### Work to be completed
Reproduce from the records below, with no pictures, exactly the lines between the one containing "wäre sie neidisch..." and the one containing "Ab 2.1.2019 im Kino!", inclusive.

### Data records

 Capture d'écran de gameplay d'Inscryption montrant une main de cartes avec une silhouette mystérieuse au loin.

...

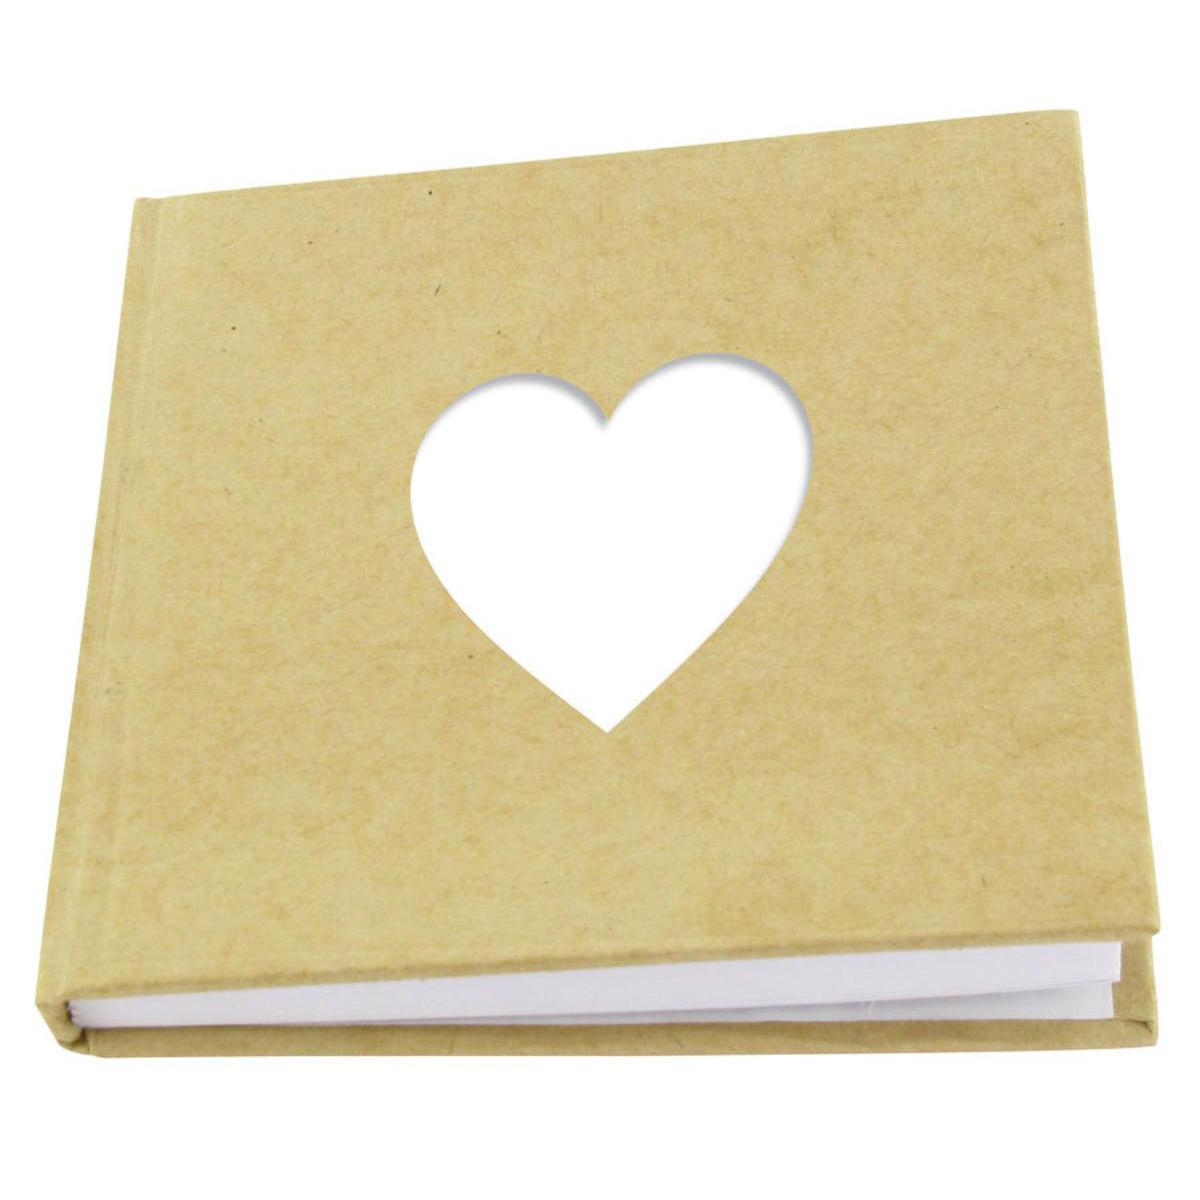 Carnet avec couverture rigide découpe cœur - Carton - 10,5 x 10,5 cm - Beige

---

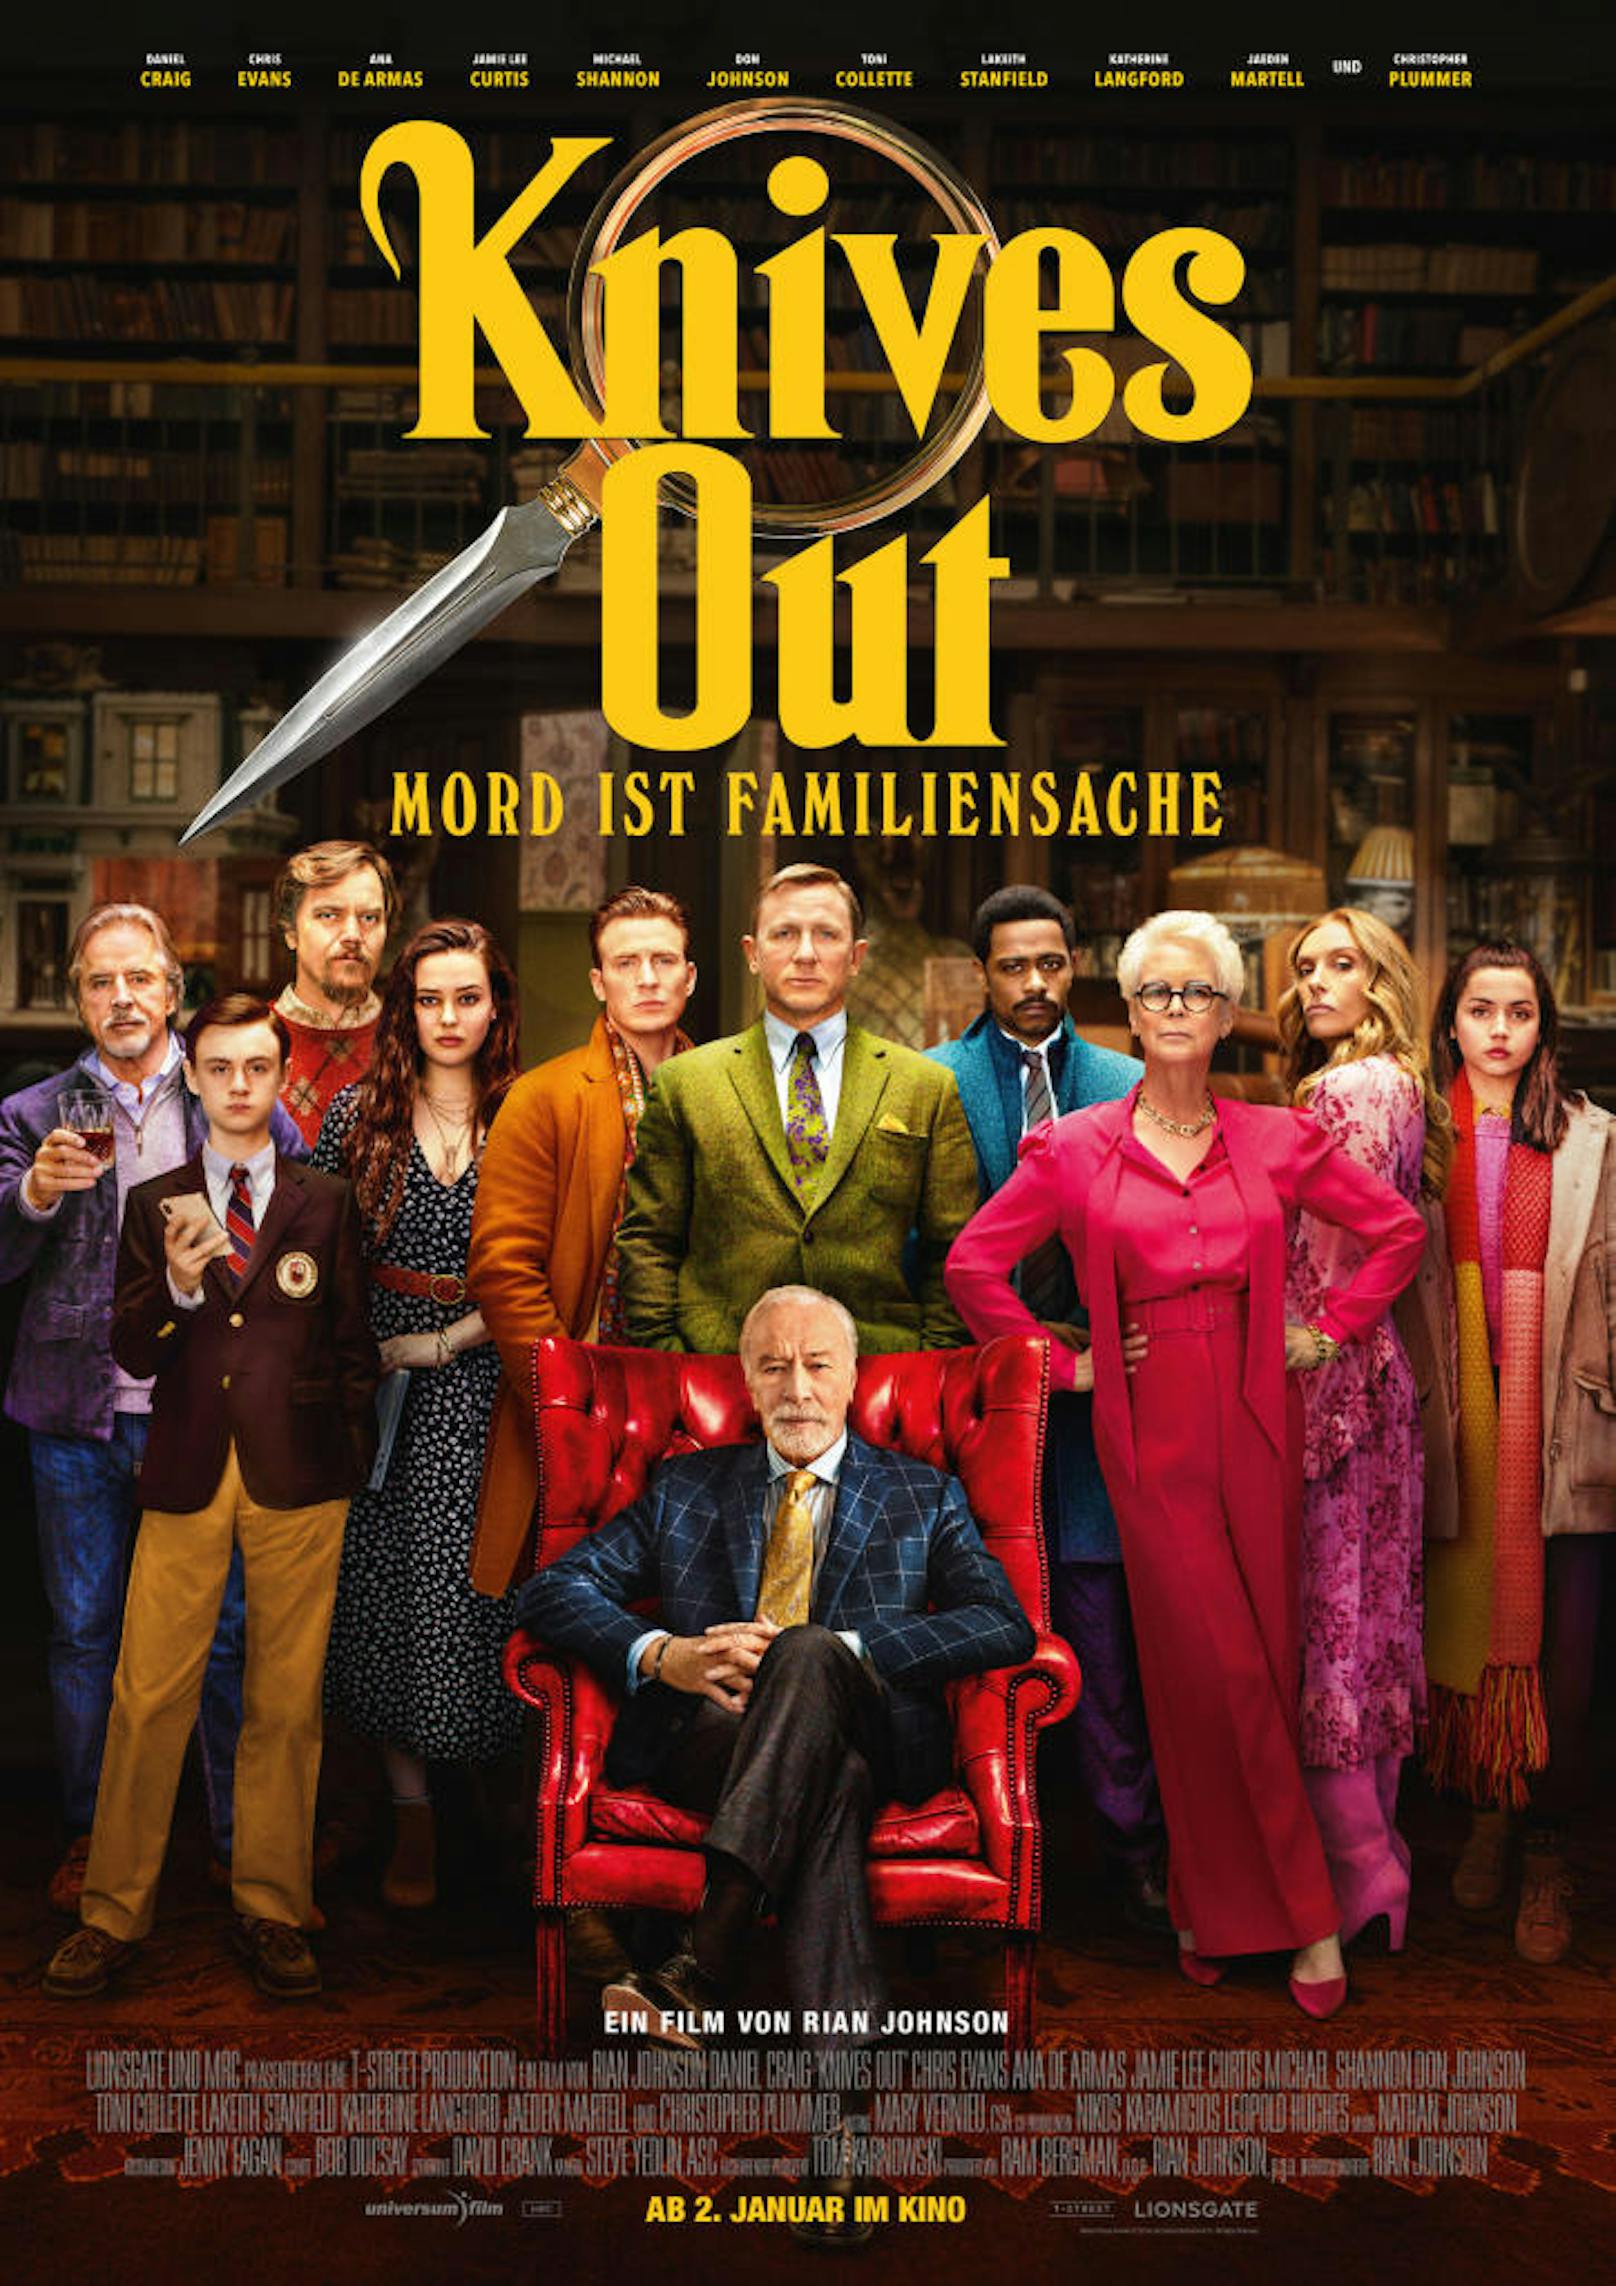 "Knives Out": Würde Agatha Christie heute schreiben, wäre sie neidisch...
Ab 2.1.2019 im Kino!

### Your solution
 "Knives Out": Würde Agatha Christie heute schreiben, wäre sie neidisch...
Ab 2.1.2019 im Kino!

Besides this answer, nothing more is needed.